Starting at the first line of the entries below, output every line exactly, up to and including the line with "Monaco Hop On".

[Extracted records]
Segment Open

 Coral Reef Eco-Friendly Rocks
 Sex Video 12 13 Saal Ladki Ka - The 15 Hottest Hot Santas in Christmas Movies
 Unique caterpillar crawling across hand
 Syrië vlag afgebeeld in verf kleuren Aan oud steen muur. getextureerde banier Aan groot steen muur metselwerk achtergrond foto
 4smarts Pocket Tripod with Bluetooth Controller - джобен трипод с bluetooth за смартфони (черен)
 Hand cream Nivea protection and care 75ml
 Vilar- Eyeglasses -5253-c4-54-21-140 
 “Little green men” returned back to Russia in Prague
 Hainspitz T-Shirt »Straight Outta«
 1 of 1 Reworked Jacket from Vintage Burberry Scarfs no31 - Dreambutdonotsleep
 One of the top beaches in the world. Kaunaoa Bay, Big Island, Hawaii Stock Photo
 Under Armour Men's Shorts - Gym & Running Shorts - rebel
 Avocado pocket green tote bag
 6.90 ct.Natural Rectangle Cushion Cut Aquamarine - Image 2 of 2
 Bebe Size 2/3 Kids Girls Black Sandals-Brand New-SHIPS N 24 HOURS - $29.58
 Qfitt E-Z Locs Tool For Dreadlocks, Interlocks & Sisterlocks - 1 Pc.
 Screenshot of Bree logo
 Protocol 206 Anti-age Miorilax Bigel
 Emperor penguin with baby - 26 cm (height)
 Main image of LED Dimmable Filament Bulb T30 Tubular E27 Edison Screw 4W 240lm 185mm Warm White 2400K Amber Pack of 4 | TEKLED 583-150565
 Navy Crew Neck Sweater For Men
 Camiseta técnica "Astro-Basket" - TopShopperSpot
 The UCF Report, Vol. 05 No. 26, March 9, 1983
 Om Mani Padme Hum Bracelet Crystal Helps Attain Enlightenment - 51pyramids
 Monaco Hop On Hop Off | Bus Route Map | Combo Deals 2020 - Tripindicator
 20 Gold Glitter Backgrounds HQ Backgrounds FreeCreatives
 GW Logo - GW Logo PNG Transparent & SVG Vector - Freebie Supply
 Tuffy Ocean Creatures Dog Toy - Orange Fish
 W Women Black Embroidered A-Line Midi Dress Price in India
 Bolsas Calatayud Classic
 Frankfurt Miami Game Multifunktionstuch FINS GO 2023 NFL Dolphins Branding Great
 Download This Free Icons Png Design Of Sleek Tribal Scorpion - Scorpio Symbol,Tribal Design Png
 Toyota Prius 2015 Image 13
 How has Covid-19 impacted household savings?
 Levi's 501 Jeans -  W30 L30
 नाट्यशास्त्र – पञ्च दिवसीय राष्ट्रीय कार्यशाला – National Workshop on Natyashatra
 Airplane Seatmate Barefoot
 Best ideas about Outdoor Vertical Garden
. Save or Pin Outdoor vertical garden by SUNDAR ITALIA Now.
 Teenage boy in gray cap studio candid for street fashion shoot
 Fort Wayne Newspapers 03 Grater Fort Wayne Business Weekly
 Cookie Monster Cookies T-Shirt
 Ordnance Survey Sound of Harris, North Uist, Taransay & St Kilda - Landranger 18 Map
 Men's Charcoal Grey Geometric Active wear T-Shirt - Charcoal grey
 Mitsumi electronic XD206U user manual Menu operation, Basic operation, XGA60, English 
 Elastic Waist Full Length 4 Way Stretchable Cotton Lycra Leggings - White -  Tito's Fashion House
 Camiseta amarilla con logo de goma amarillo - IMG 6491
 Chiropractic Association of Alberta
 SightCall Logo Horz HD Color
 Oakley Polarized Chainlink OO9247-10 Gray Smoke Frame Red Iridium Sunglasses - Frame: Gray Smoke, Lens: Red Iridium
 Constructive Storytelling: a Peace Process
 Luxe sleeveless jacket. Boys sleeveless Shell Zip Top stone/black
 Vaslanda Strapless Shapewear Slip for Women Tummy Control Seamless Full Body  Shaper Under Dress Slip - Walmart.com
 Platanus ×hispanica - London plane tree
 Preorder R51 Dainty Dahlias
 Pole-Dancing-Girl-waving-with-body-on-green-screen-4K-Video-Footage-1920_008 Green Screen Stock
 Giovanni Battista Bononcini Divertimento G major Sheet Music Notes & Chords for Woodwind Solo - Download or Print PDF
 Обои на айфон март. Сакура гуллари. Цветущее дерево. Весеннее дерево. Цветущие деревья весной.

Segment Closed

YOUR RESPONSE:
 Coral Reef Eco-Friendly Rocks
 Sex Video 12 13 Saal Ladki Ka - The 15 Hottest Hot Santas in Christmas Movies
 Unique caterpillar crawling across hand
 Syrië vlag afgebeeld in verf kleuren Aan oud steen muur. getextureerde banier Aan groot steen muur metselwerk achtergrond foto
 4smarts Pocket Tripod with Bluetooth Controller - джобен трипод с bluetooth за смартфони (черен)
 Hand cream Nivea protection and care 75ml
 Vilar- Eyeglasses -5253-c4-54-21-140 
 “Little green men” returned back to Russia in Prague
 Hainspitz T-Shirt »Straight Outta«
 1 of 1 Reworked Jacket from Vintage Burberry Scarfs no31 - Dreambutdonotsleep
 One of the top beaches in the world. Kaunaoa Bay, Big Island, Hawaii Stock Photo
 Under Armour Men's Shorts - Gym & Running Shorts - rebel
 Avocado pocket green tote bag
 6.90 ct.Natural Rectangle Cushion Cut Aquamarine - Image 2 of 2
 Bebe Size 2/3 Kids Girls Black Sandals-Brand New-SHIPS N 24 HOURS - $29.58
 Qfitt E-Z Locs Tool For Dreadlocks, Interlocks & Sisterlocks - 1 Pc.
 Screenshot of Bree logo
 Protocol 206 Anti-age Miorilax Bigel
 Emperor penguin with baby - 26 cm (height)
 Main image of LED Dimmable Filament Bulb T30 Tubular E27 Edison Screw 4W 240lm 185mm Warm White 2400K Amber Pack of 4 | TEKLED 583-150565
 Navy Crew Neck Sweater For Men
 Camiseta técnica "Astro-Basket" - TopShopperSpot
 The UCF Report, Vol. 05 No. 26, March 9, 1983
 Om Mani Padme Hum Bracelet Crystal Helps Attain Enlightenment - 51pyramids
 Monaco Hop On Hop Off | Bus Route Map | Combo Deals 2020 - Tripindicator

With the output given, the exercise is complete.